From eqn. (5) one can see that flow velocity in a straight channel decays as an inverse function of time. For a straight channel of uniform dimensions with a length scale pertinent to microfluidic devices—several centimeters long and ∼10 to 20 µm deep—flow times of aqueous solutions are relatively short, on the order of ∼10 s. However, analysis of a more complex geometry, employing a narrow channel and a wide channel connected in series (Fig. 2 inset), suggested it is possible to produce extended passive flow time, and a more ‘steady-state’ average velocity in the narrow channel compared to a straight channel of equivalent length (Fig. 2). In this arrangement, the larger expanded channel provides a large surface area for capillary wetting, and the narrow channel limits the overall flow rate. The net result is a device with significantly longer flow duration than a single channel. Also, key engineering parameters, such as shear rate, may be manipulated over a wide range by adjusting the length of the narrow channel and the relative cross-sectional areas of the narrow and expanded channels. Additionally, fluidic models of this configuration indicate that it produces more steady state flow behavior in the narrow channel, as shown in Fig. 2. This characteristic can facilitate and simplify the study of the engineering variables controlling microfilter blood separation processes.


Theoretical comparison of capillarity-driven average velocity for a Newtonian liquid in two different microfluidic designs; a single uniform flow channel and a narrow/expanded channel layout (inset) with equivalent channel heights and total length. Utilizing the narrow/expanded channel design, duration of the flow may be significantly extended compared to a single narrow channel.
Fig. 2 Theoretical comparison of capillarity-driven average velocity for a Newtonian liquid in two different microfluidic designs; a single uniform flow channel and a narrow/expanded channel layout (inset) with equivalent channel heights and total length. Utilizing the narrow/expanded channel design, duration of the flow may be significantly extended compared to a single narrow channel.

2.3 Blood rheology

Blood is a uniquely complex fluid composed of deformable blood cells in an aqueous solvent containing colloids, such as proteins, small molecules, and lipids among other constituents. Blood typically contains 40 to 50% cells by volume (hematocrit). Red blood cells make up approximately 95% of all cells, and have a biconcave shape ∼3 microns thick and 8 microns in diameter for human red blood cells. Blood exhibits non-Newtonian rheological characteristics—unrelated to coagulation or clotting—as the apparent viscosity of blood decreases with increasing shear-rate, i.e., as blood flows more quickly the apparent viscosity decreases, an effect known as shear-thinning.31 The deformability of red cells and their interaction with select plasma proteins is responsible for blood's non-Newtonian characteristics. At shear rates below ∼50 s−1, the apparent viscosity of blood increases exponentially due to a reversible aggregation of red cells known as rouleaux formation. As shear rate increases above ∼50 s−1, the shear field disrupts cell aggregation, and causes red cell deformation resulting in an ∼100-fold decrease in apparent viscosity over the low shear rate regime. Beyond shear rates of 100–300 s−1, blood viscosity approaches Newtonian behavior with typical values of 3 to 4 cP. This apparent limiting viscosity is a function of the blood composition, and is primarily modulated by hematocrit.
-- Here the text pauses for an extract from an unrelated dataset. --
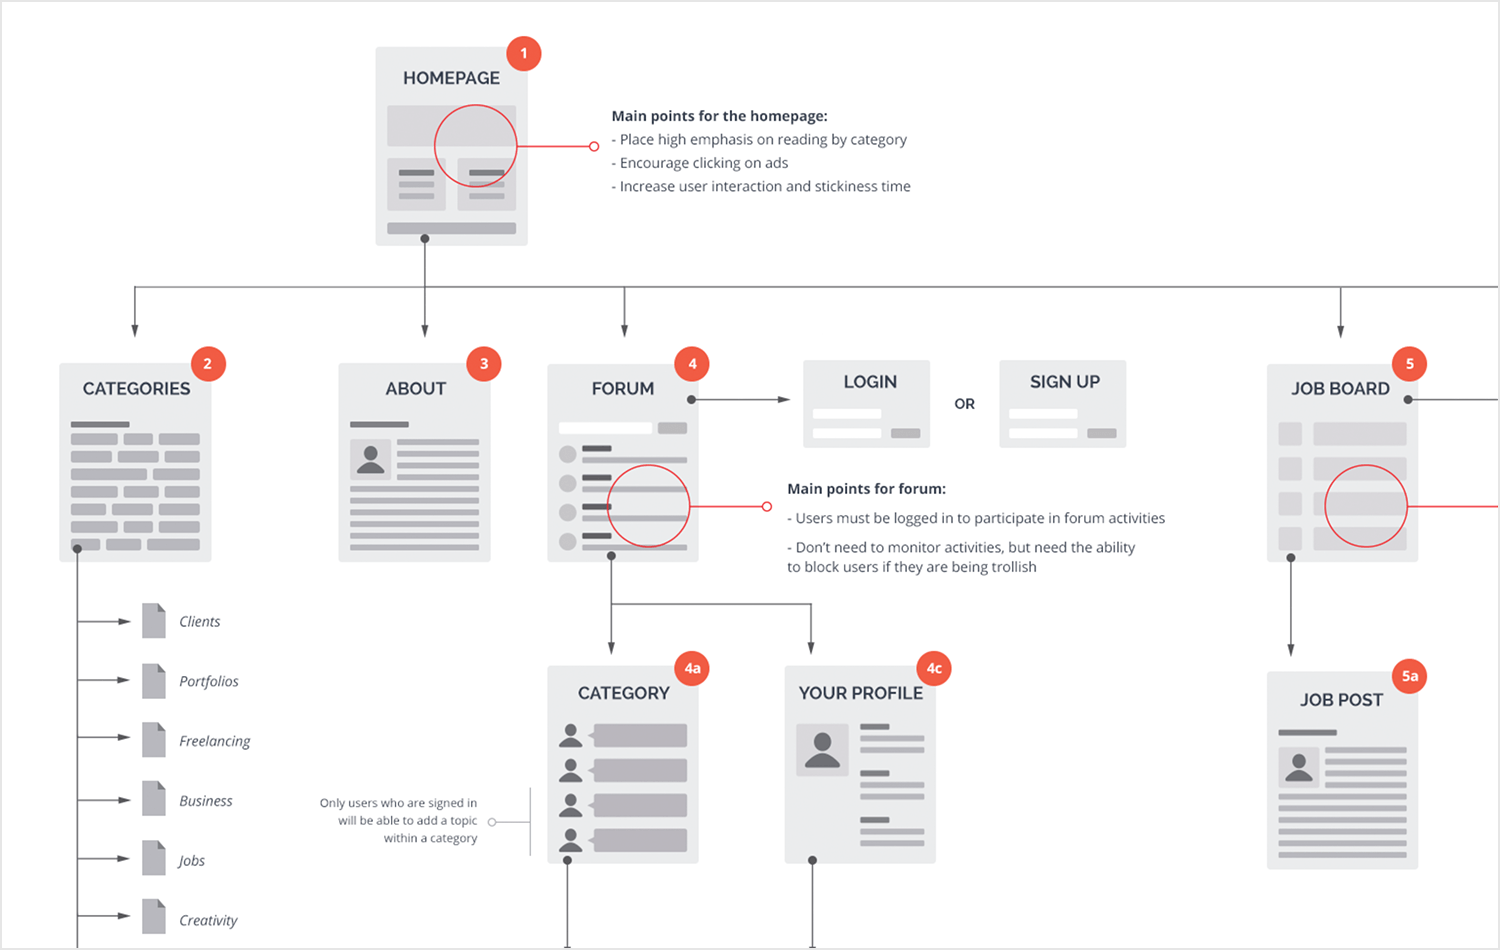 User flow diagram showing steps from homepage to job board on a student guide website.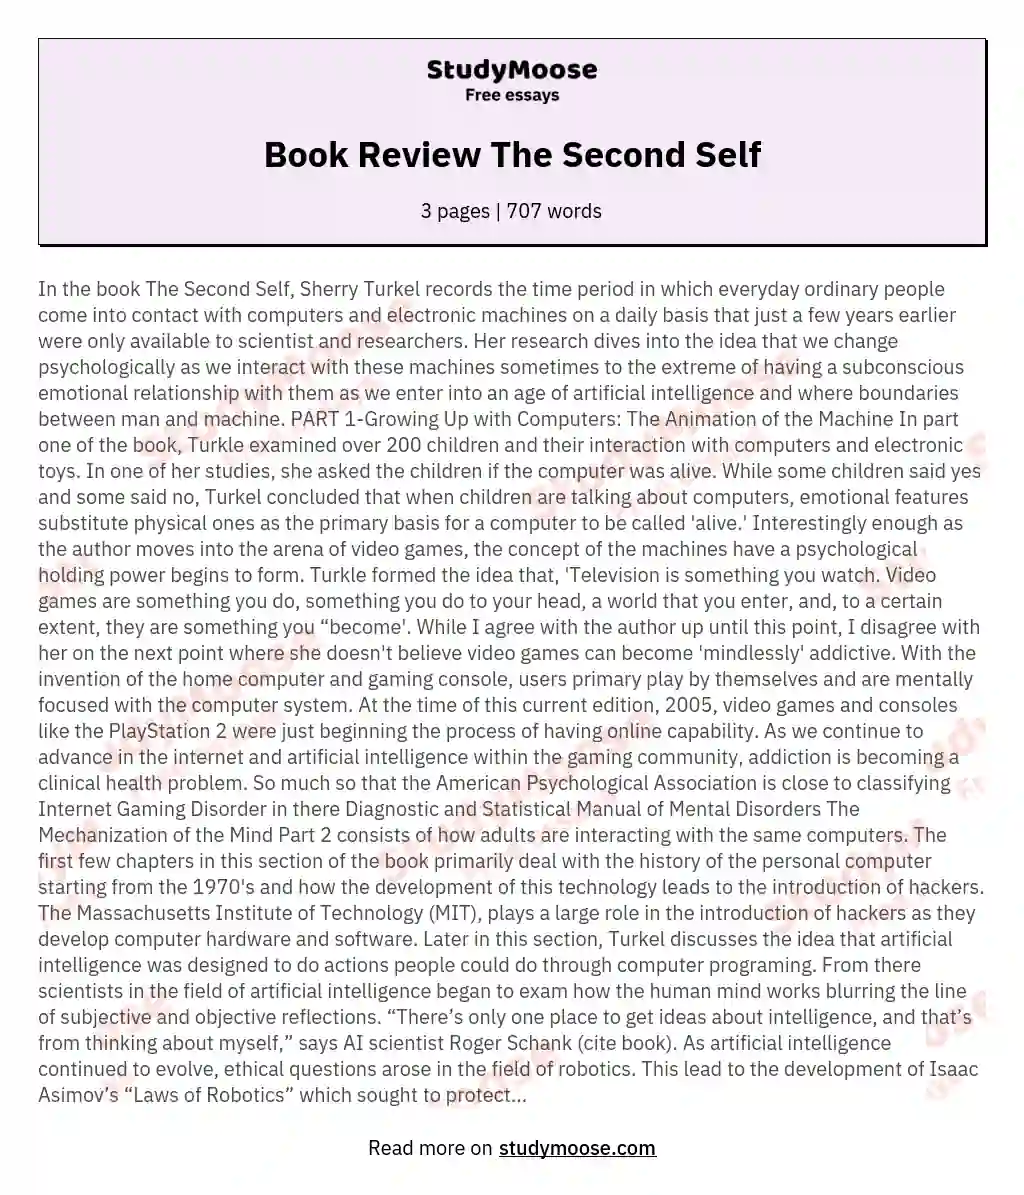 Book Review The Second Self essay

While the non-Newtonian characteristics of blood can complicate microfluidic modeling, a number of rheological models exist that permit the estimation of blood flow characteristics over a wide range of conditions.31–33 However, an alternative approach is to develop device designs that produce primarily Newtonian like behavior, i.e. maintain average shear rates at levels above ∼100–300 s−1, and avoid the onset of this non-Newtonian behavior. In this research, microfilter test devices were designed to maintain a minimum level of shear rate in an effort to avoid the onset of high apparent viscosity induced by the aggregation of cells in low shear rate flow fields.

3 Materials and methods

Blood filtration experiments were conducted with passive microfilter devices fabricated in silicon and glass wafers using photolithography and reactive ion etching. The design layout incorporated a narrow/expanded channel design to produce extended operation time via capillary action (Fig. 2 inset). Three different test devices were designed to produce varying levels of blood wall shear rate at the microfilter. Filtration testing was performed using anticoagulated, whole bovine blood. Video microscopy and digital video analysis was utilized to study and quantify blood flow rate, the plasma volume extracted, and evaluate plasma for the presence of free hemoglobin.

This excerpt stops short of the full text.